Compelling them to pay those taxes.
The first point can be simple if the other country maintains complete employment records and shares them with the government that wants to tax that employment. In practice, this raises a number of questions:
Are the employment records in the other country complete? If there is some wiggle room, this may provide a perverse incentive for the citizens facing the tax to engage in unreported employment. That's not only a problem for the country wanting to tax its citizens abroad, it also sustains the unwanted shadow economy in the other country.
To be fair on one's citizens, it seems sensible to tax all citizens working abroad equally. Why should an Iranian citizen in the US face an extra tax burden while another Iranian citizen in Canada would not? If such a tax were instituted and enforced for all Iranian citizens, then it would be a lot of work for the Iranian government to work with all those other governments.
Moreover, why would those other governments even want to cooperate on this. There's no bilateralism unless those other governments also wanted to tax their citizens in Iran. So while all that extra work might benefit Iran's budget, the other governments would have to cooperate without seeing anything in return. In fact, taxing Iranian citizens in those other countries would reduce their disposable income which in turn limits their discretionary spending.
As for the second point, enforcement is really hard. Unless these citizens are willing to pay the tax or they have some assets in their home country, it's hard to compel them to pay.
Looking at practical examples, it might push them to renounce their citizenship altogether, assuming they have the luxury of taking or already having citizenship in another country. That's what UK PM Boris Johnson did, presumably to avoid paying US tax on the sale of his UK home. According to the Guardian:
Boris Johnson has renounced his US citizenship, ending years of ambiguous loyalties and probably ridding himself of a hefty tax bill.
A list released by the US Treasury department showed the UK foreign secretary was one of 5,411 individuals to renounce his American citizenship in 2016.
In 2014 he publicly said that the US was trying to hit him for tax on the sale of his home in Islington, north London, something he said he regarded as “absolutely outrageous”, although he later reportedly paid the demand. The US tax authorities have been mounting a campaign to crack down on the earnings of dual nationals.
Another US tax even applies to non-resident non-citizens, the estate tax. As CNBC reported in 2015:
Under U.S. tax law, the estates of foreign holders of U.S. assets, such as stocks, real estate, or valuables, are required to pay estate taxes on those assets after the death of the owner. There’s even a handy piece of IRS paperwork — form 706-NA — to help calculate the tax.

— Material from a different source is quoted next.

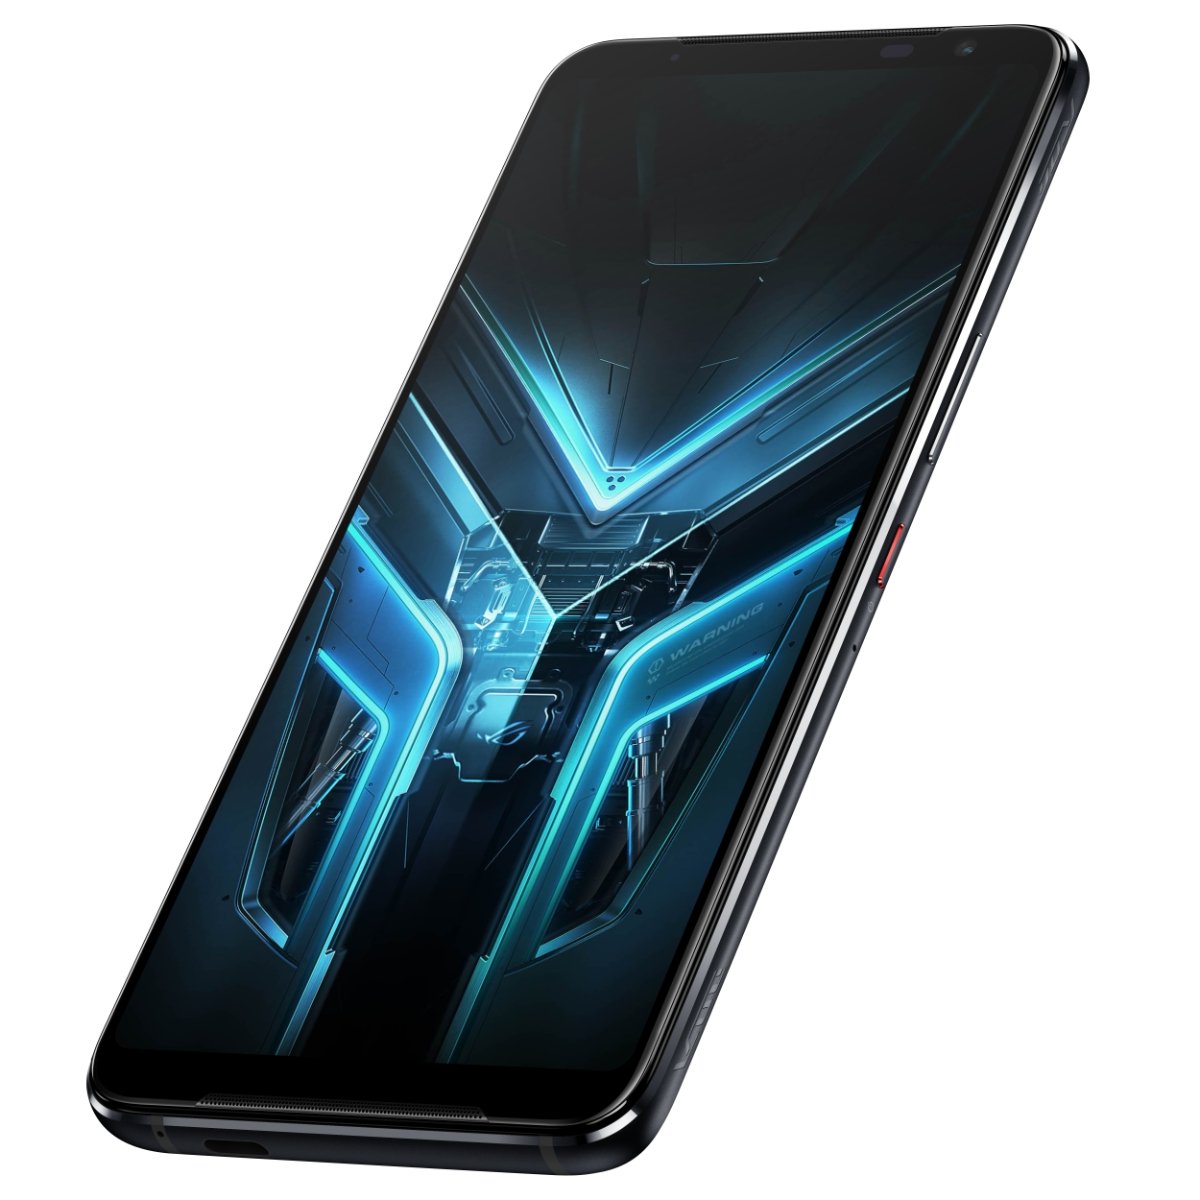 Asus ROG Phone 3 ZS661KS specs, review, release date - PhonesData
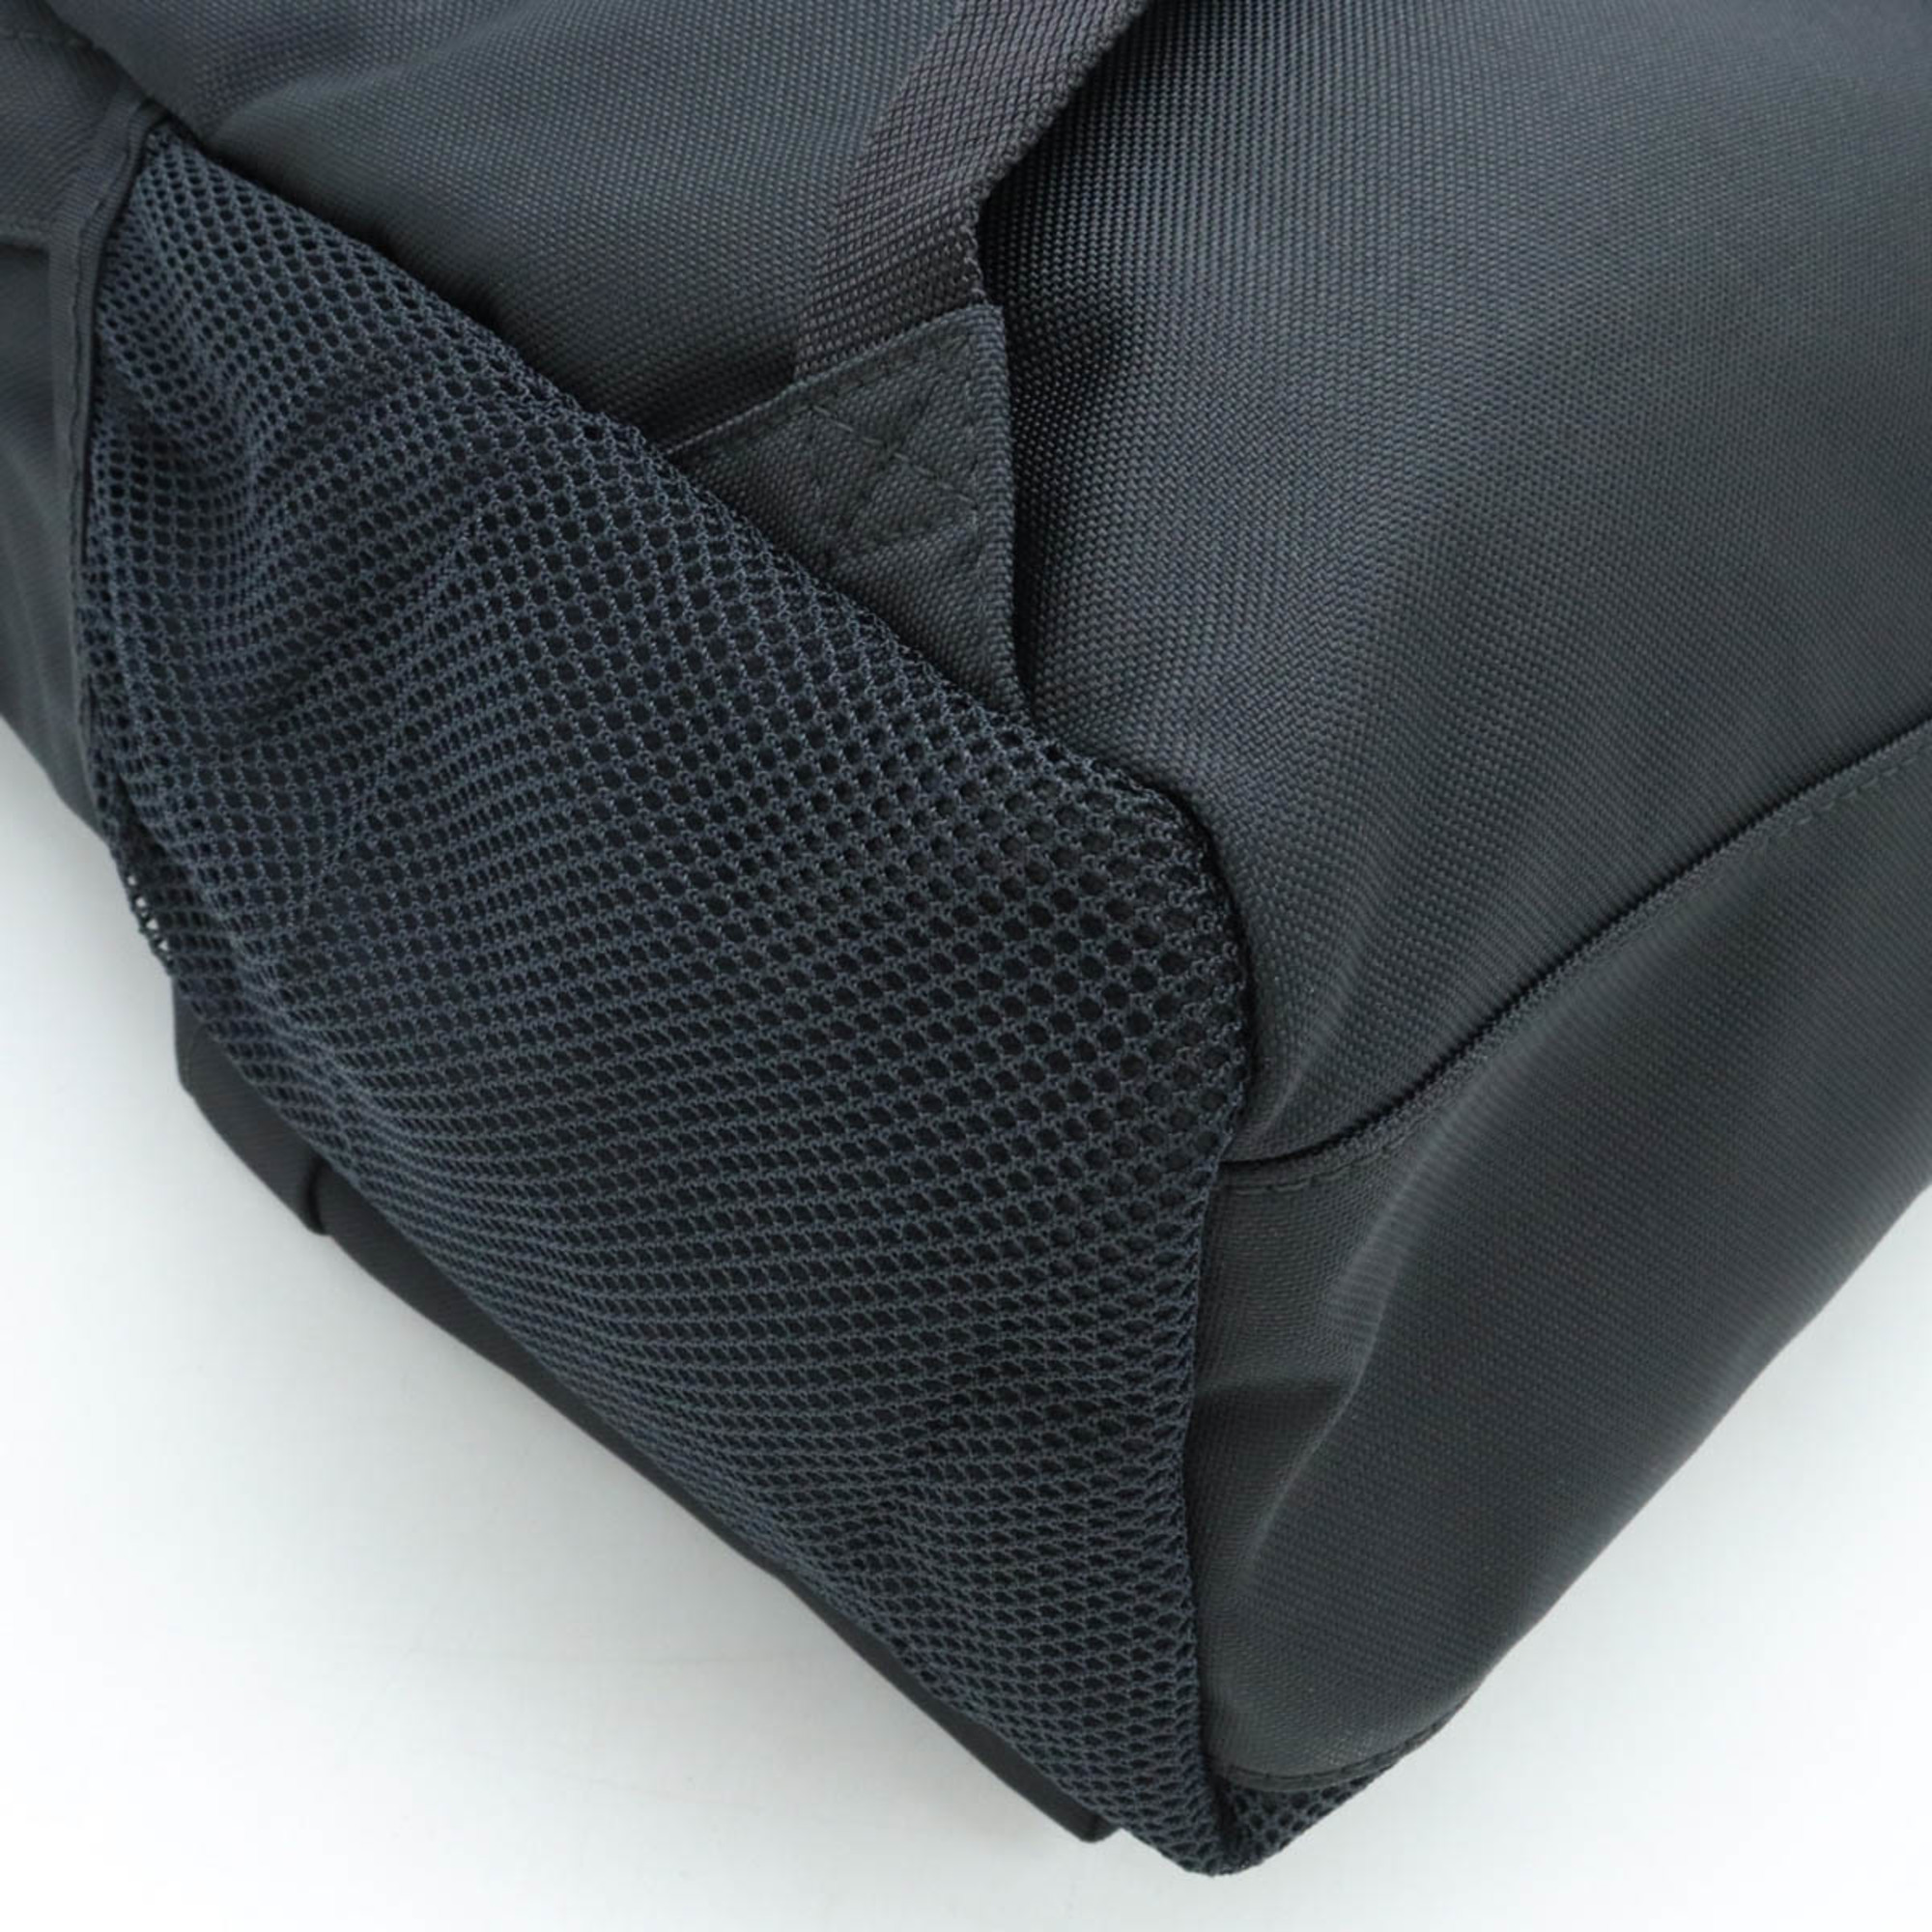 BALENCIAGA CREW Backpack, nylon canvas, black, white, 617763

But one veteran Swiss banker tells CNBC that this rule is widely ignored around the world, and the U.S. government has no way to know how much money it is owed under its own laws.
The result, the banker said, is that the U.S. Treasury is likely being deprived of billions of dollars each year.
Even an advanced tax collection agency like the IRS has not gotten around to overcoming these two issues in collecting the estate tax. As the CNBC article continues:
Exactly how much money foreigners owe in U.S. estate taxes each year is unclear — it appears to be a blind spot for the IRS. The tax-gathering agency publishes a detailed report every several years on what it calls the “tax gap,” or the difference between what taxpayers should pay and what they actually cough up to Uncle Sam. But the report doesn’t attempt to estimate overseas estate taxes.
“There’s no estimate for international noncompliance,” said an IRS official. “That’s kind of the 800-pound gorilla that’s not in the room.”
A back-of-the-envelope analysis by CNBC of estate tax payment patterns and total foreign holdings of U.S. stocks and real estate concluded that the IRS is missing several billion dollars in foreign estate taxes each year — money that could help a cash-strapped U.S. Treasury pay the nation’s bills.